When children are in bed, wife finds “Contagion” in DVD drawer of the Plague House. We proceed to watch it, touched by the beautiful irony the universe is serving up. Film finishes and we spend rest of evening washing hands, trying to avoid touching face (which the film tells us we do subconsciously more than 2,000 times a day) and disinfecting surfaces some more.

Wife complains that DVD has made her skin crawl and spends an hour in bed itching and touching her face. Surely Plague House hasn’t also got fleas?

Hands red raw from over-washing. Becoming concerned that I might have OCD.

I wish I was back at work.

  • Family holiday day 6

Daughter woke up at 03:00 screaming in pain, with a horrific rash on her lady bits. Wife starts sobbing and reveals cause is probably due to use of new toddler wipes used the previous day. Wife spends next three hours beating herself up. The Baton of Screaming is back in play again. Everyone takes a turn with The Baton of Screaming. I consider battering myself on the head with it again. Anything for a few minutes of quiet.

I spend the next hour organising an out of hours, out of area hospital appointment. Bitterly cold outside. Snow is falling. Peace returns to house around 07:00. Wife and I giddy with tiredness.

Later in the day wife starts to complain of nausea and stomach pain and retires to bed early. I sit upstairs on my own and revert to Twitter for solace. Good old Twitter. There is always Twitter. Thankfully there is wi-fi in The Plague House. Wi-fi stops working. Wi-fi is also sick.

I wish I was back at work.

  • Family holiday day 7

No diarrhoea or vomiting for 48 hours and daughters rash has improved significantly. Happy house once again, so as a treat, we organise an outing to local play park.
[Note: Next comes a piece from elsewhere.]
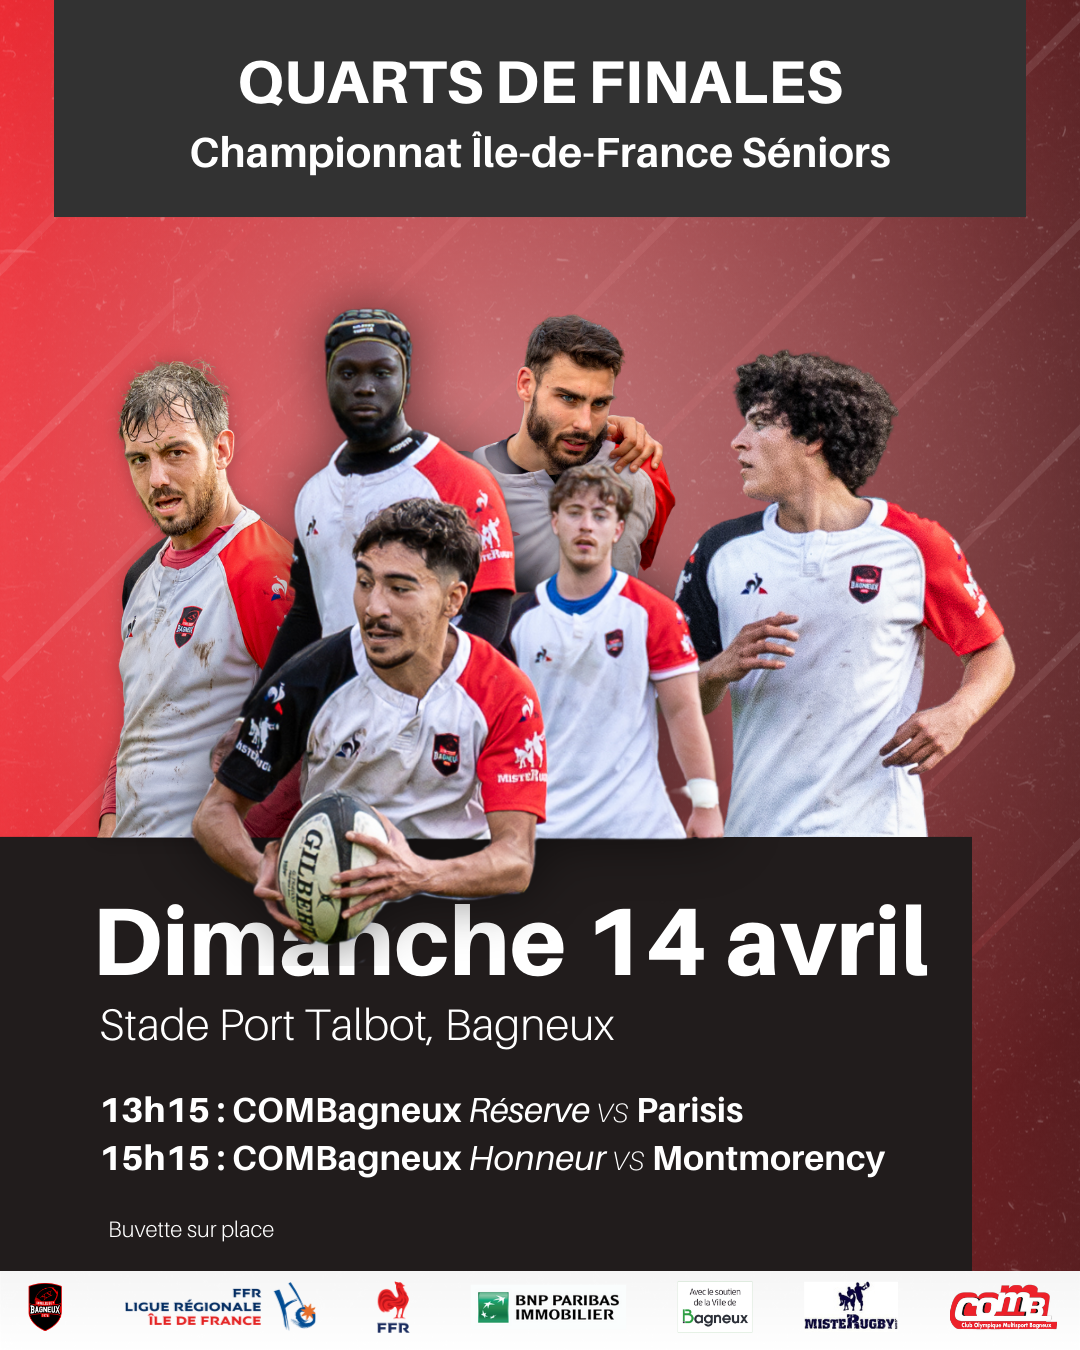 Affiche de Ce dimanche 14 avril, le stade Port Talbot accueillera les quarts de finales régionales à partir de 13h. Le COMBagneux affrontera l'équipe réserve de Parisis et l'équipe A rencontrera Montmorency à 15h15 !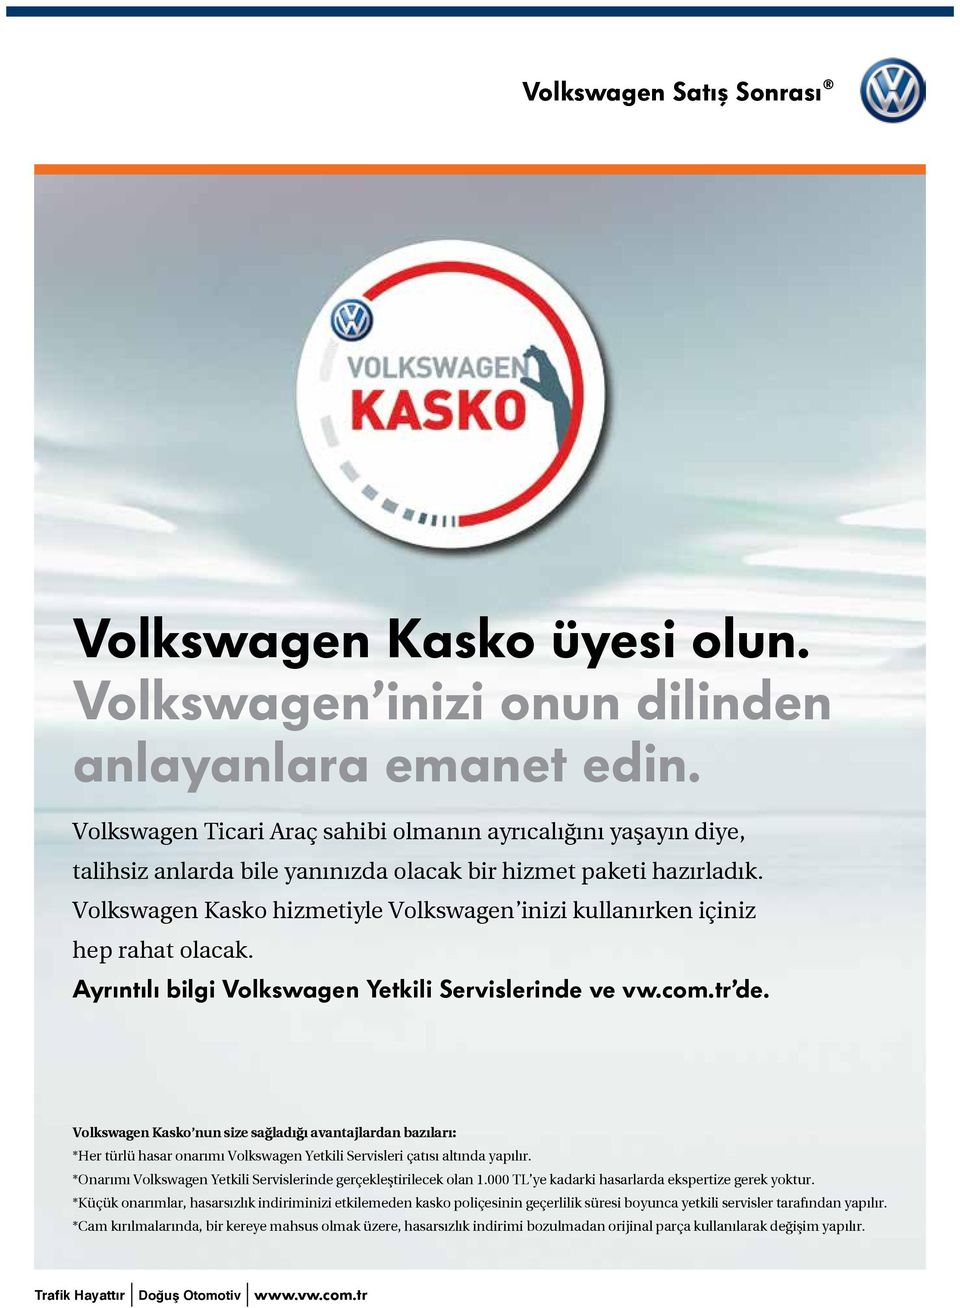 Volkswagen Kasko hizmetiyle Volkswagen inizi kullanırken içiniz hep rahat olacak. Ayrıntılı bilgi Volkswagen Yetkili Servislerinde ve vw.com.tr de.

Daughter insists on going on insane looking zip wire. Completes a couple of zips with my help, and then tells me to go away and let her go on her own. I hesitantly “let go” physically, emotionally and mentally. Surprised at how hard I find it to expose my daughter to risk.

Daughter spends the rest of the afternoon finally happy, zipping up and down the wire with her cousin. I stand by, watching nervously, wanting to run along side her every zip, but also amazed at bravery of daughter.

Sun comes out. Last day of holiday and finally all seems well. Wife comes and gives me a hug while daughter plays happily with cousin, and son messes about contentedly in sandpit. This is how it could have been.

Unfortunately, temporary happiness broken on last go of zip wire before dinner. Daughter gets thrown off like a rag doll, does double somersault in mid-air and lands heavily on back. Terrifying moment of silence. Daughter starts screaming. Daddy and mummy breathe sigh of relief and run to winded, but not wounded, daughter. Decide not to go to A&E.

Daugther later asks, repeatedly, why I didn’t catch her when she went flying off the zip wire.

  • Family holiday day 8

No further events. Exhausted family pack up and leave Plague House behind. Car breaks down on journey home.

Standing on the roadside wife and I agree that from now on we are going to scrap all holidays. We agree instead that for future holidays we will lock children in front room for a week with a box of Cheerios and a DVD of “Lord of the Flies” on loop. We will retire to bedroom with a bottle of gin, curl up and rock gently in a corner, weeping whilst staring at pictures of unattainable sunny, palm fronded beaches.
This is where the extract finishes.